5. Shame loses its power when you speak it aloud.
Divorce carries a shadow of shame in our culture, as if ending something that’s hurting you is a failure. I carried that weight for a while, worried about what people thought, until I learned this: shame grows in silence, but it shrinks in the light of truth. Telling my story not only freed me—it helped others feel less alone in theirs.
6. Taking your name back is more than paperwork.
Changing my name wasn’t just about identification—it was about reclaiming my identity. It was a reminder that I belong to myself. My name is a symbol of every step I’ve taken away from who I was told to be, and toward who I truly am.
7. You can fall in love again—in all sorts of ways.
Love after divorce isn’t just about another person. It’s about falling in love with joy and with life itself. It’s about my rescue dog, Lucky, who reminds me daily what unconditional love looks like. It’s about my people—the friends and family who show up, lift me up, and make me laugh until my face hurts. It’s about sunsets, music, and mornings where I wake up grateful for the quiet peace of my own company(which I rather enjoy!).
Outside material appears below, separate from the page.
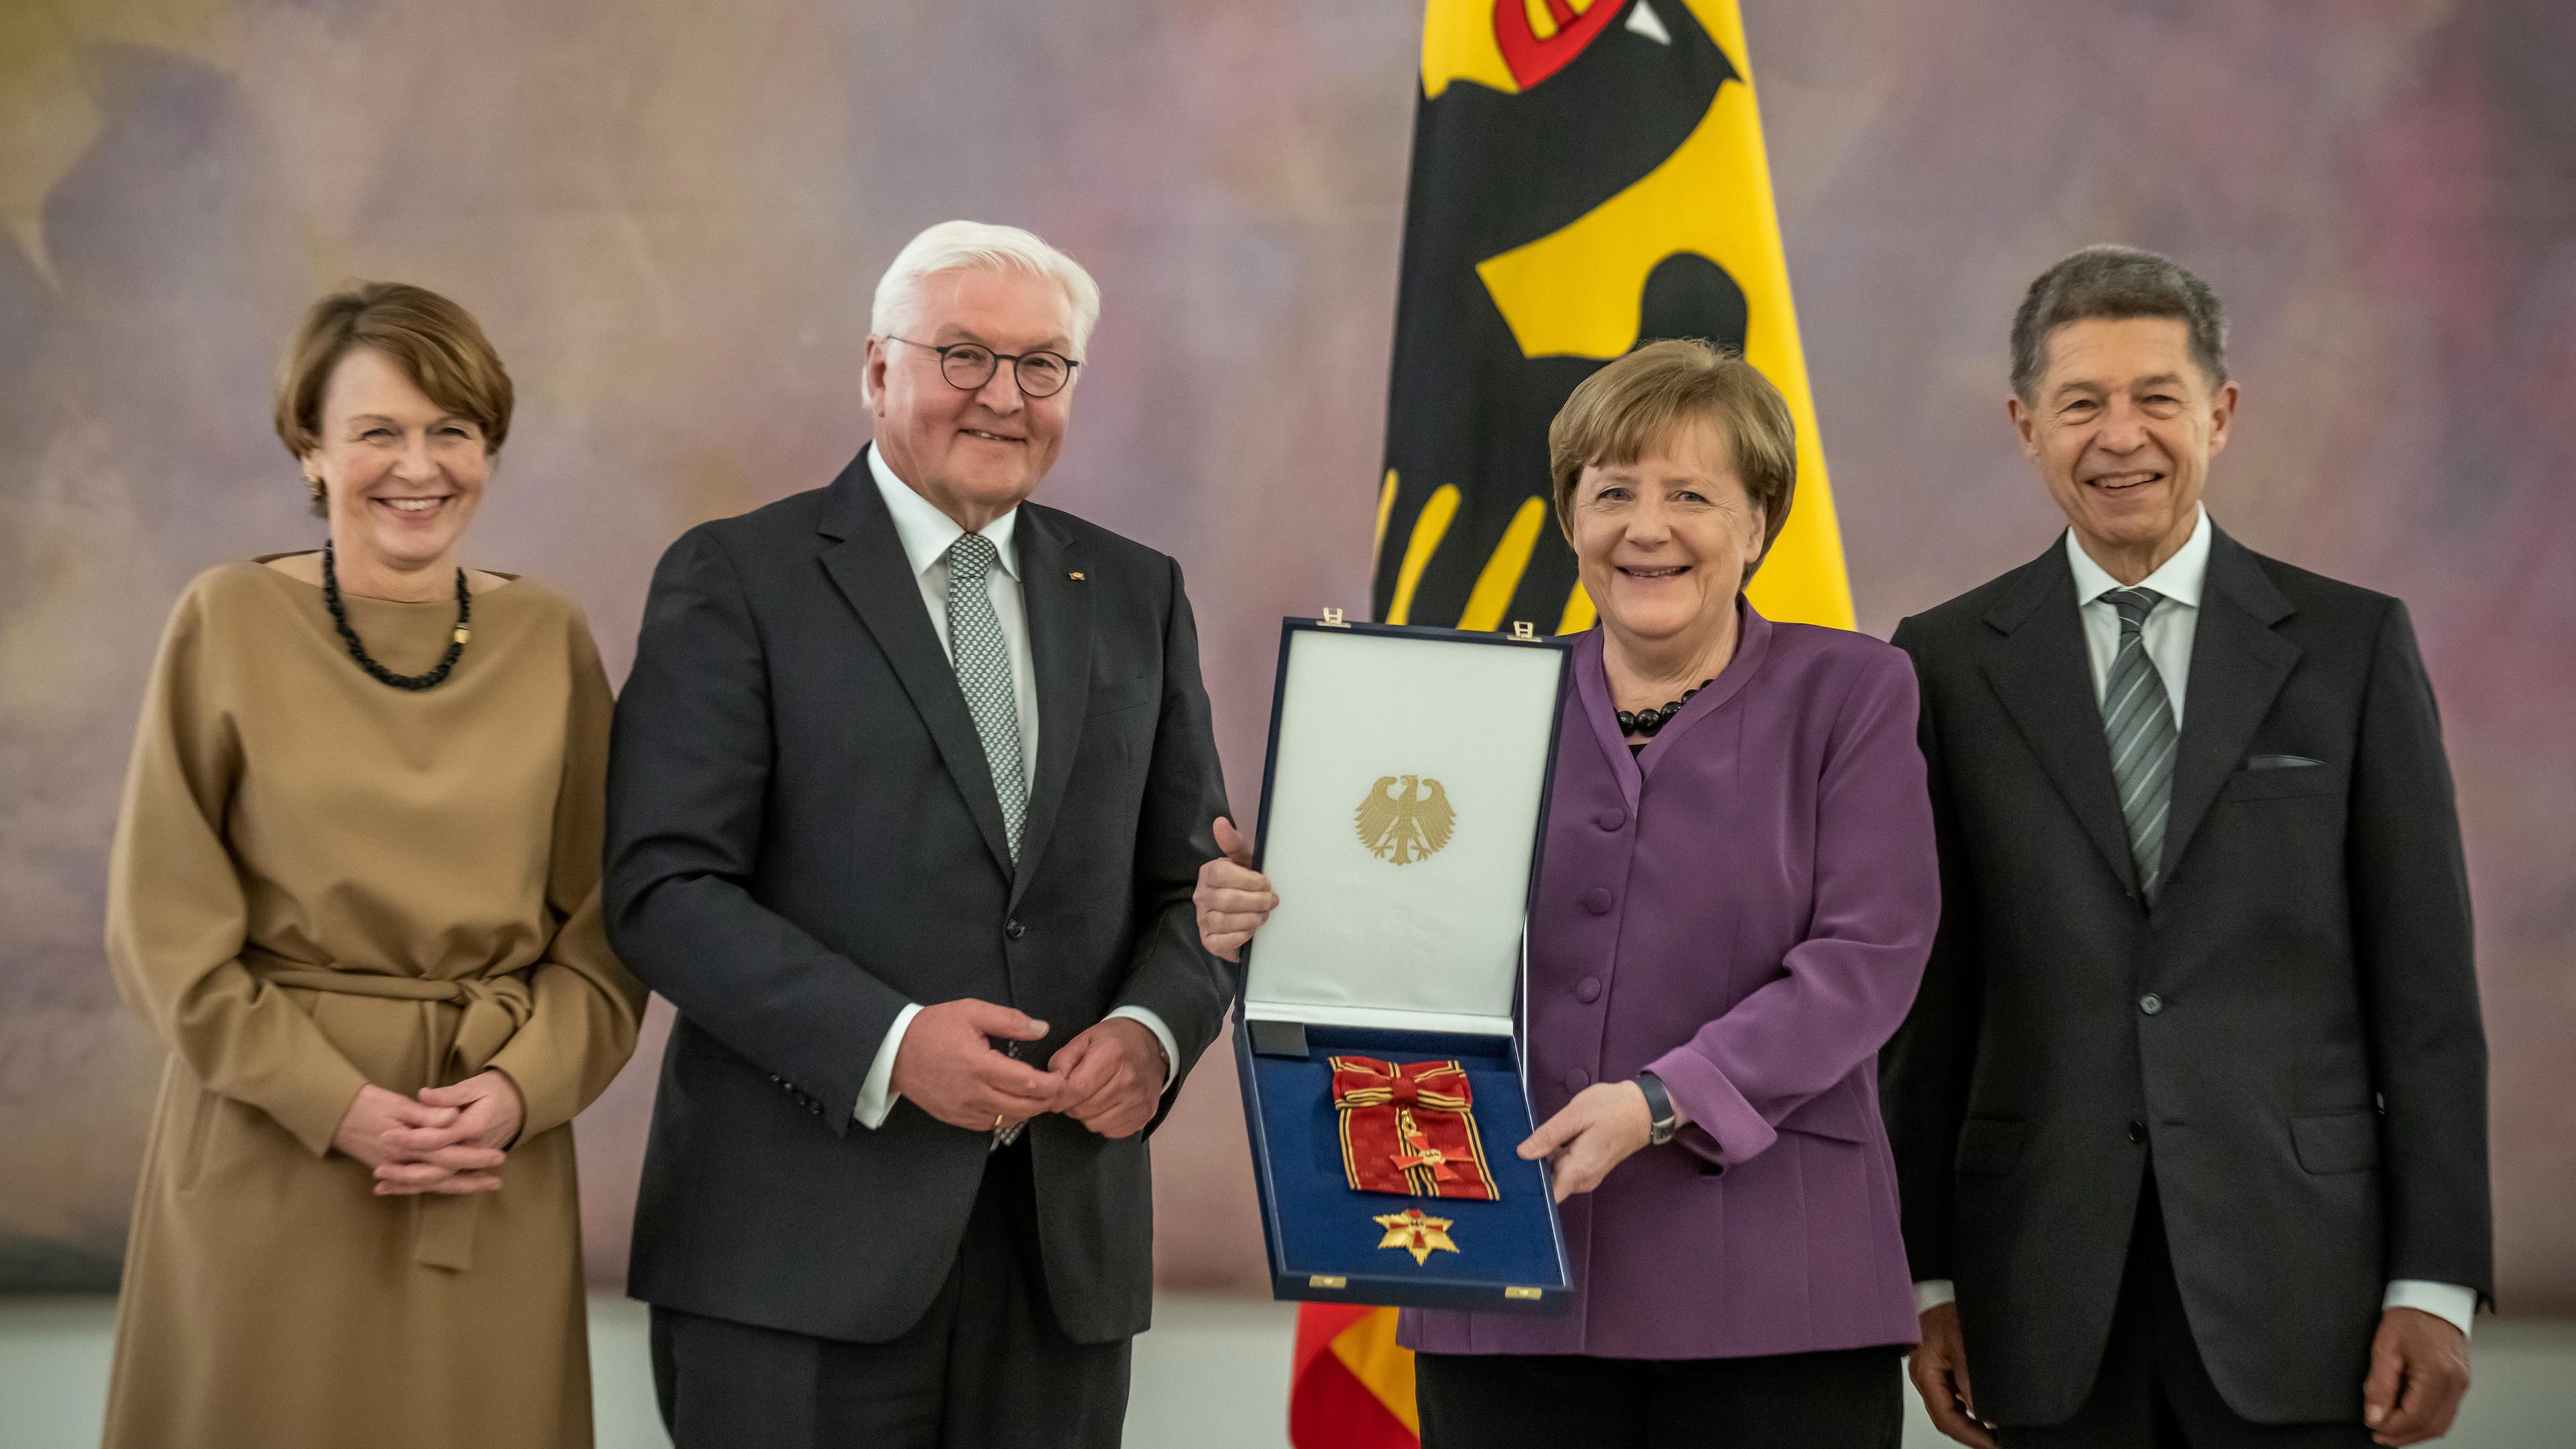 Berlin: Angela Merkel, (CDU), ehemalige Bundeskanzlerin, bekommt von Bundespräsident Frank-Walter Steinmeier das Großkreuz des Verdienstordens der Bundesrepublik Deutschland in besonderer Ausführung im Schloss Bellevue verliehen, daneben stehen Elke Büdenbender (l) und Joachim Sauer.

8. Divorce no longer defines me..
The things we go through can define us if we let them, or they can simply be one chapter in the book of our lives. For a long time, my divorce felt like the headline of my story. Now, it’s just one part of it—important, yes, but surrounded by so many other chapters filled with joy, love, growth, and possibility. I get to decide what defines me, and I choose everything I’ve built since that day.
Eight years later, I can say this: I didn’t just survive my divorce. I thrived because of it. Every step forward, baby step or giant leap, carried me here. Forward has been and always will be my pace.